The University of Alabama has released a guiding plan to return to full campus operations. University President Dr. Stuart R. Bell has said, “We will be nimble. We will adjust. We will learn. Ultimately, we will win and be Still Tide Together.”
A petition “Statement of Expectations for Worker Health and Safety for Academic Year 2020-2021” sponsored by the United Campus Workers of Alabama CWA Local 3965 expressed concerns over the University’s plan. It stated that many members of the University community were concerned about health and safety issues, saying that “older adults and people with underlying health conditions are at increased risk for severe infection and death.” It stated:
While recommendations for mandatory mask use, social distancing, flexibility with class format, and robust testing and tracing offer a solid foundation for the physical aspects of health on campus, many of the System’s recommendations include caveats like “when available” that leave the door open for under-preparedness, inaction and neglect. Additionally, the UA System Comprehensive Plan made no mention of employment policies, contingency plans for severe outbreaks on campus or in local communities, or structures of accountability for decision makers. It is the university’s moral responsibility to its workers, students and community to adapt its employment policies to ensure safety for workers and the broader University community.

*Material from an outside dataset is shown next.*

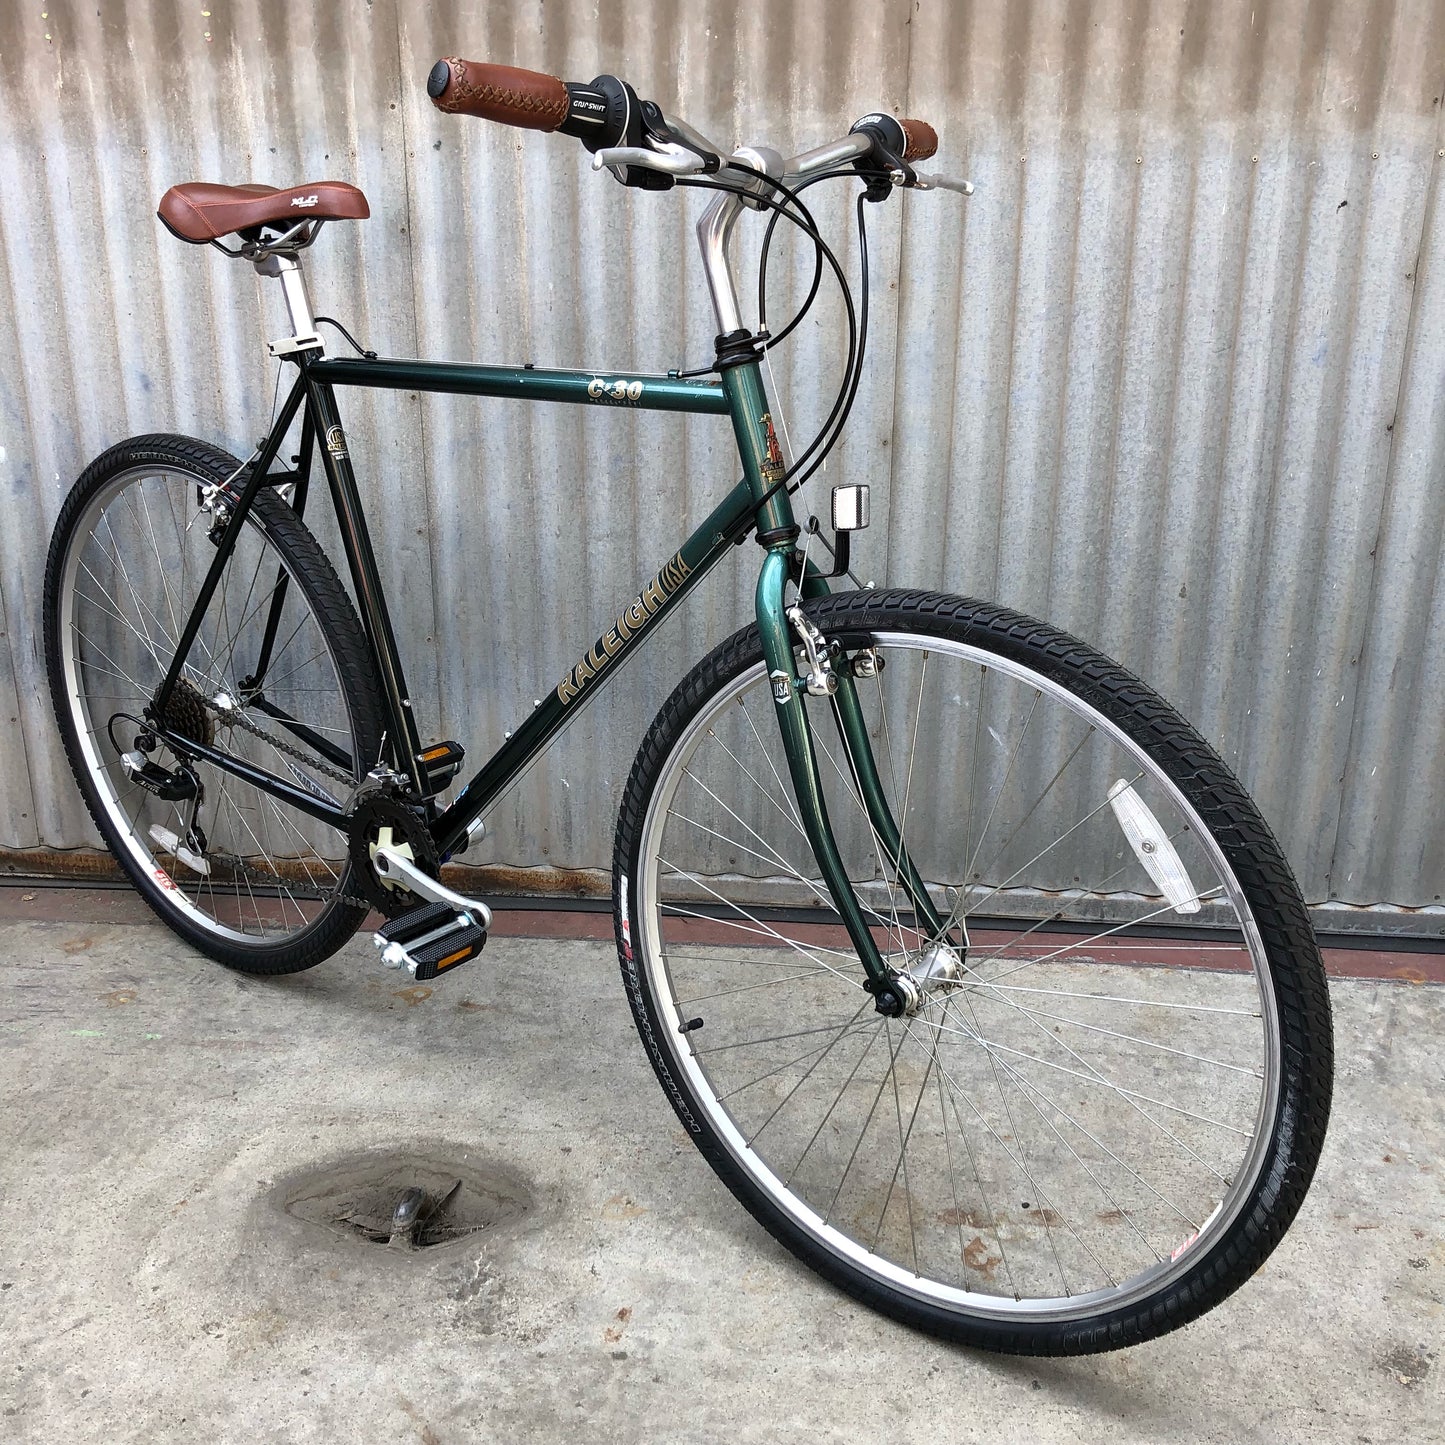 Raliegh Classic City Bike - Clean, Attractive, Good Color, Sensible
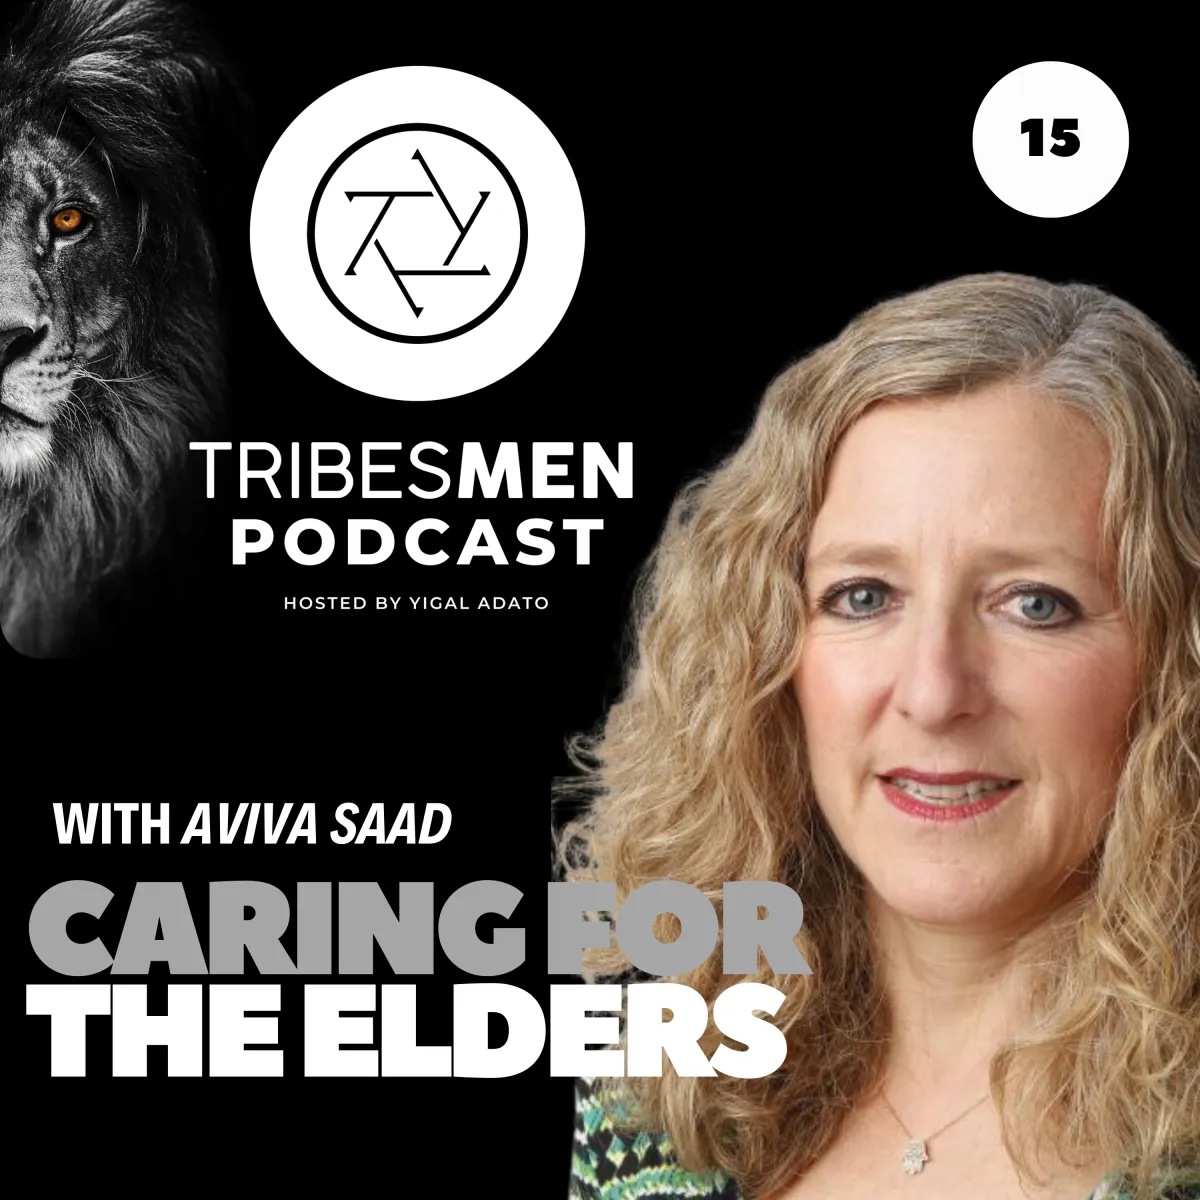 Tibesmen Podcast Episode 15 with Aviva Saad

A successful reopening of the University and the return of thousands of students will benefit Tuscaloosa’s economy as much as anything possibly could. The city lost an estimated $2.6 million in revenue per mouth after the University sent its students home in March.
Any success largely depends on the cooperation of the returning students. Temple University‘s Dr. Laurence Steinberg in a New York Times opinion column expressed a pessimistic view of how students will cope with returning to school. In his article “Expecting Students to Play It Safe if Colleges Reopen Is a Fantasy” he said that plans for returning students “border on delusional and could lead to outbreaks of Covid-19 among students, faculty and staff.”
Steinberg said that the risky behavior of many students, including “reckless driving, criminal activity, fighting, unsafe sex and binge drinking,” was typical of students in their late-adolescence. His team conducted epidemiological studies that have that reached the same conclusions of other such studies on adolescents. He concluded:
My pessimistic prediction is that the college and university reopening strategies under consideration will work for a few weeks before their effectiveness fizzles out. By then, many students will have become cavalier about wearing masks and sanitizing their hands. They will ignore social distancing guidelines when they want to hug old friends they run into on the way to class. They will venture out of their “families” and begin partying in their hallways with classmates from other clusters, and soon after, with those who live on other floors, in other dorms, or off campus. They will get drunk and hang out and hook up with people they don’t know well. And infections on campus — not only among students, but among the adults who come into contact with them — will begin to increase.
At that point, college administrators will find themselves in a very dicey situation, with few good options.
In Florida, which recently reopened its bars, a group of sixteen friends all tested positive for the Coronavirus. In CNNs Madeline Holcombe’s report “16 friends test positive for coronavirus after an outing at a Florida bar” they regretted that they did not wear masks in the crowded bar. Florida has had record setting rates of infection in June. Gino Spocchia reported in The Independent that some of Florida’s recently opened bars and restaurants were forced to close amid new Covid-19 cases.
When University of Alabama students return will they, as Temple’s professor Steinberg predicts of students in general, disregard safety measures both on and off campus? Tuscaloosa community residents have for months practiced safe behavior. The returning students who might become infected will in most cases suffer little. That may not be the case for older permanent residents. Many of the Druid City Health Care system’s ICU units are already full. An increase in infection in the community could overwhelm its healthcare system.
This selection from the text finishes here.